Embora esta pesquisa não seja conclusiva, a FDA pretende exercer seu poder discricionário de fiscalização no que diz respeito à seguinte alegação de saúde qualificada:

“Evidências científicas limitadas e não conclusivas sugerem que o consumo diário de cerca de 2 colheres de sopa (23 gramas) de azeite de oliva pode reduzir o risco de doença cardíaca coronariana devido à gordura monoinsaturada presente no azeite de oliva. Para obter esse possível benefício, o azeite de oliva deve substituir uma quantidade semelhante de gordura saturada e não aumentar o número total de calorias ingeridas por dia. Uma porção deste produto [Nome do alimento] contém [x] gramas de azeite de oliva.”
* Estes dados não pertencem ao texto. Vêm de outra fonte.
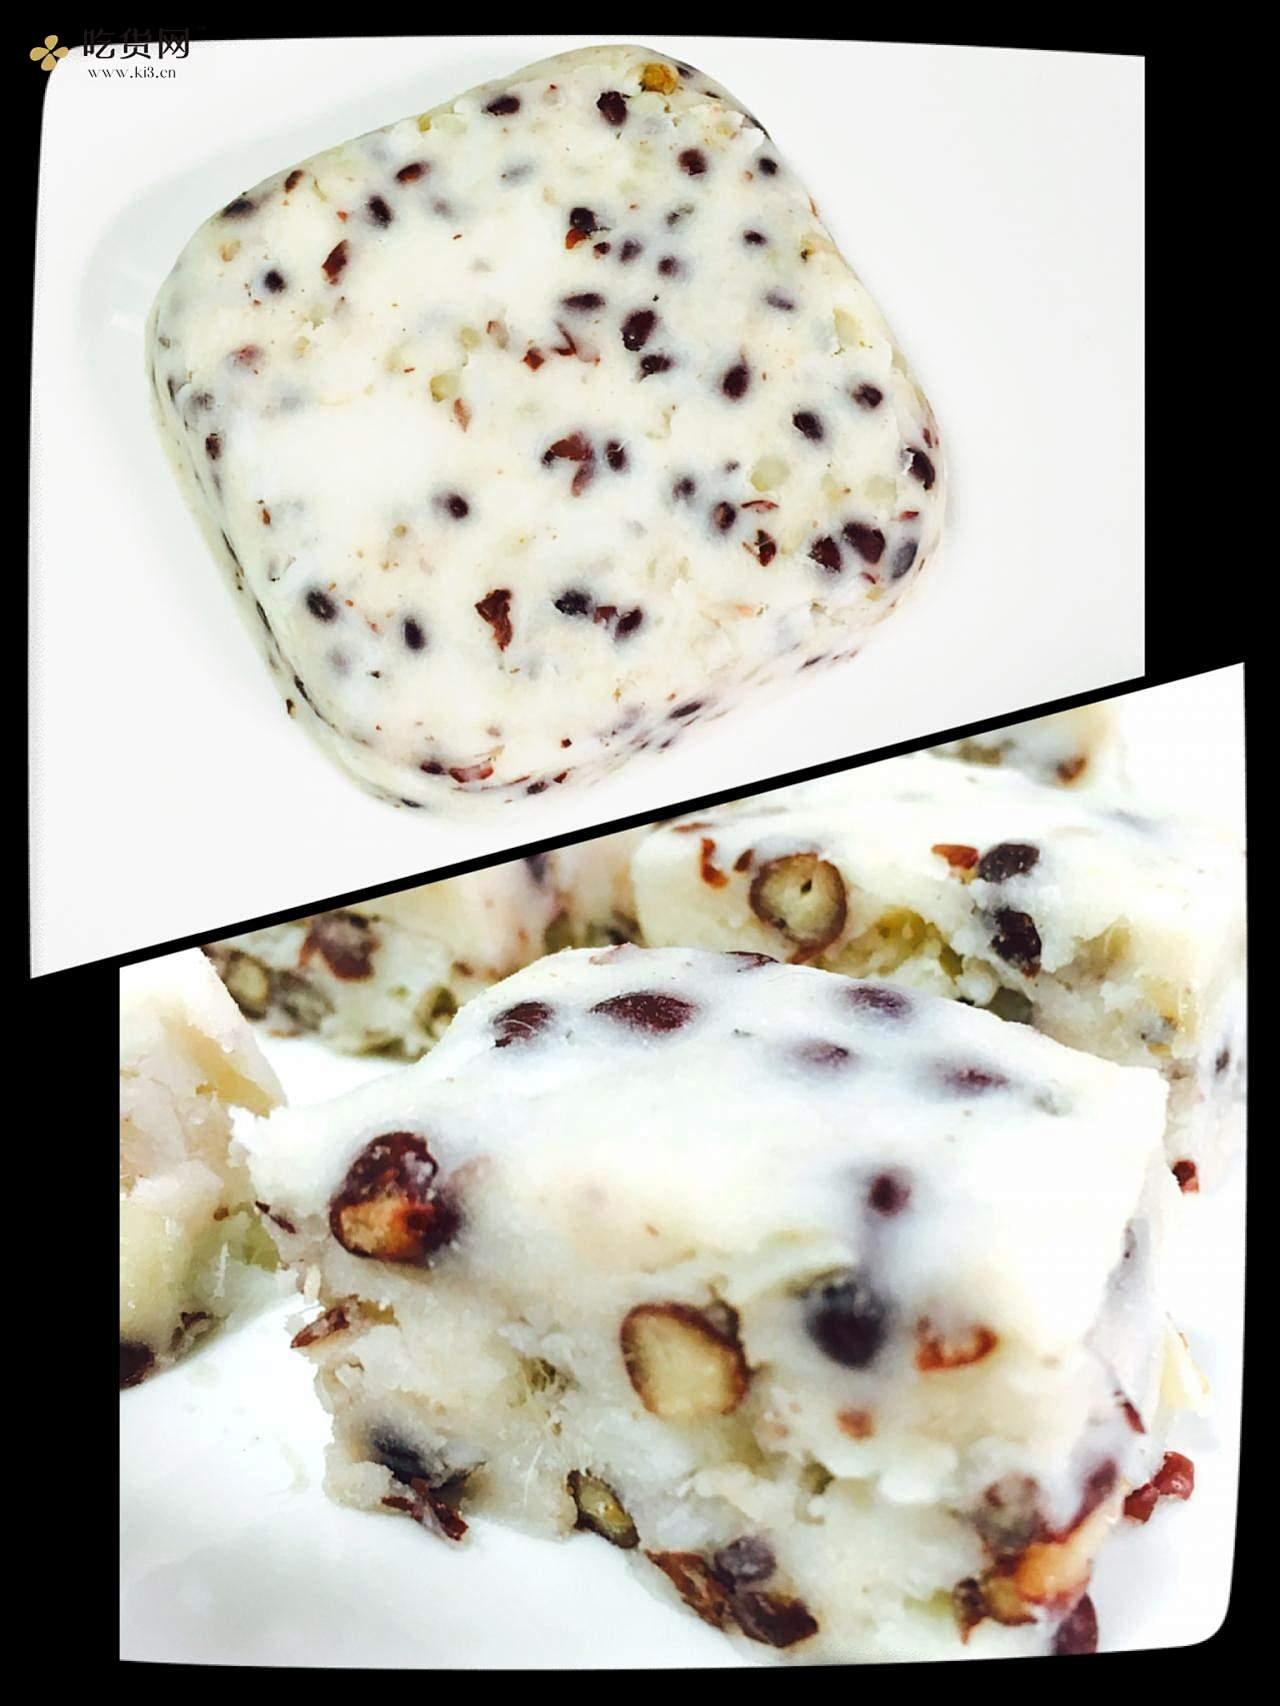 减肥餐-红豆薏仁山药糕的做法 步骤5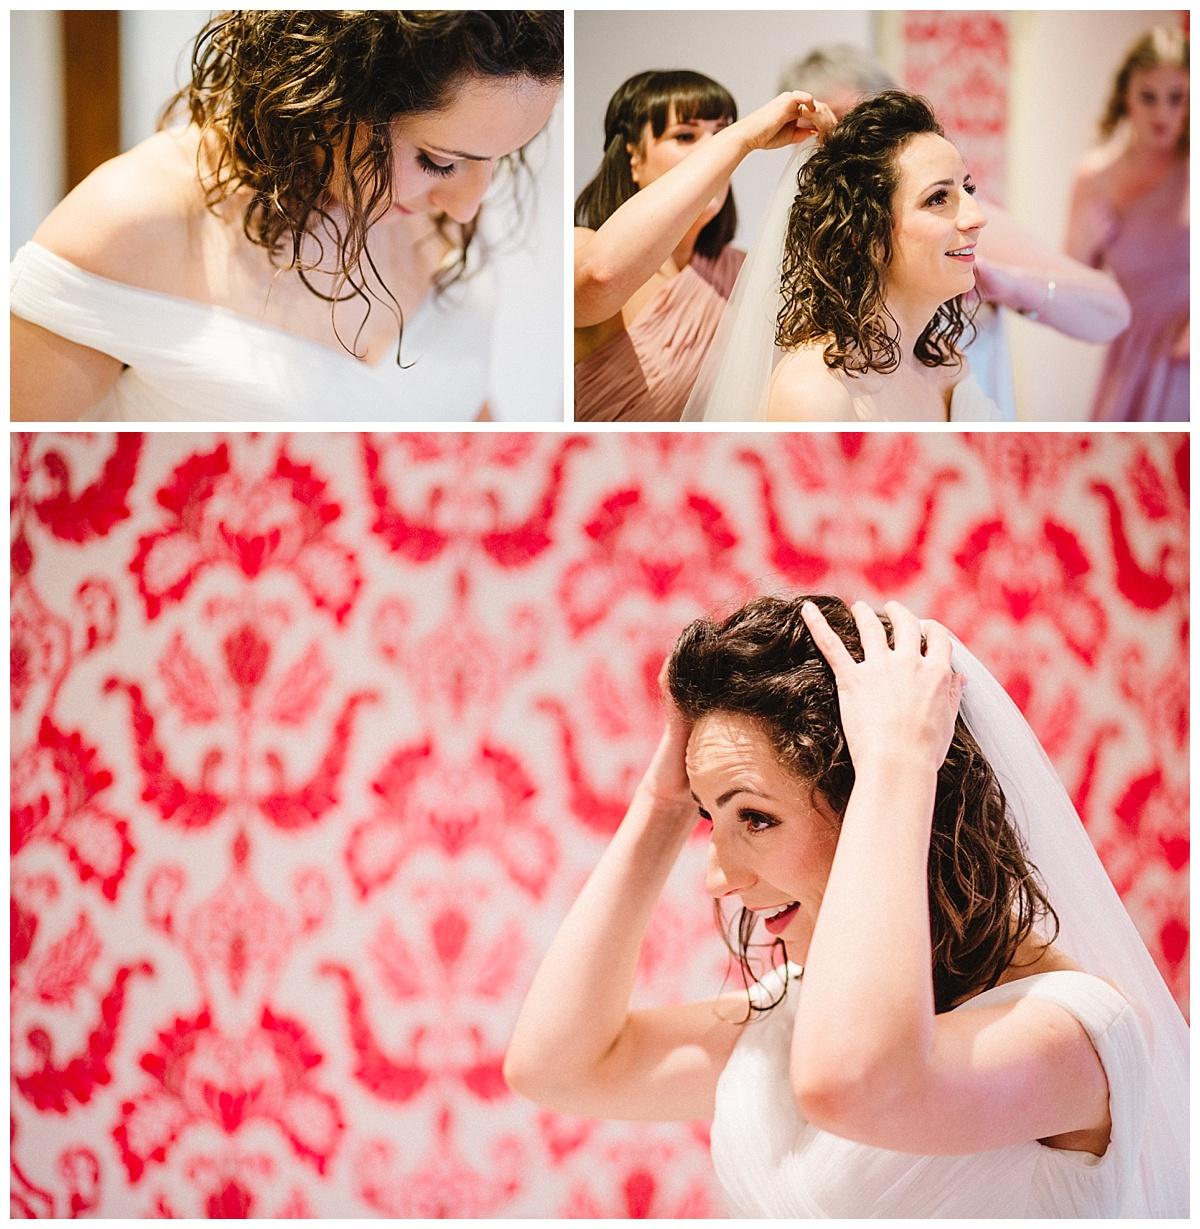 a bride getting ready at a barn wedding

A FDA aprovou a alegação mencionada, “gordura monoinsaturada do azeite de oliva” (MUFA). As MUFA estão presentes em todas as categorias de azeite de oliva, incluindo:

  • Azeite de Oliva Extra Virgem
  • Azeite Virgem
  • Azeite de Oliva (frequentemente chamado de Puro)
  • Óleo de bagaço de azeitona

. Eles não mencionaram especificamente o “Azeite de Oliva Extra Virgem” apenas porque todos os estudos foram realizados com azeite de oliva em geral.

Atualmente, apenas na União Europeia, e muito recentemente, foi estabelecido que apenas alguns azeites de oliva extra-virgens (geralmente os mais amargos e frutados) poderiam incluir a indicação sobre a presença de alguns compostos polifenólicos, cujos teores deveriam ser medidos.

Isso significa que nem todo o azeite de oliva extra virgem poderia ter um alto nível de polifenóis.

Concluindo, todos os azeites são produtos saudáveis quando comparados a todos os óleos de sementes disponíveis e consumidos no mundo, simplesmente porque possuem o maior nível de MUFA, que reduzem o risco de doença cardíaca coronariana. Consequentemente, os “puristas” estão errados. Isso pode ser devido a uma profunda ignorância ou talvez a um interesse peculiar.

Infelizmente, o consumo de azeite de oliva no mundo representa apenas cerca de 4% do total de gorduras consumidas no mundo, e todos os países que desejam reduzir seus problemas de saúde deveriam substituir o óleo de sementes pelo azeite de oliva.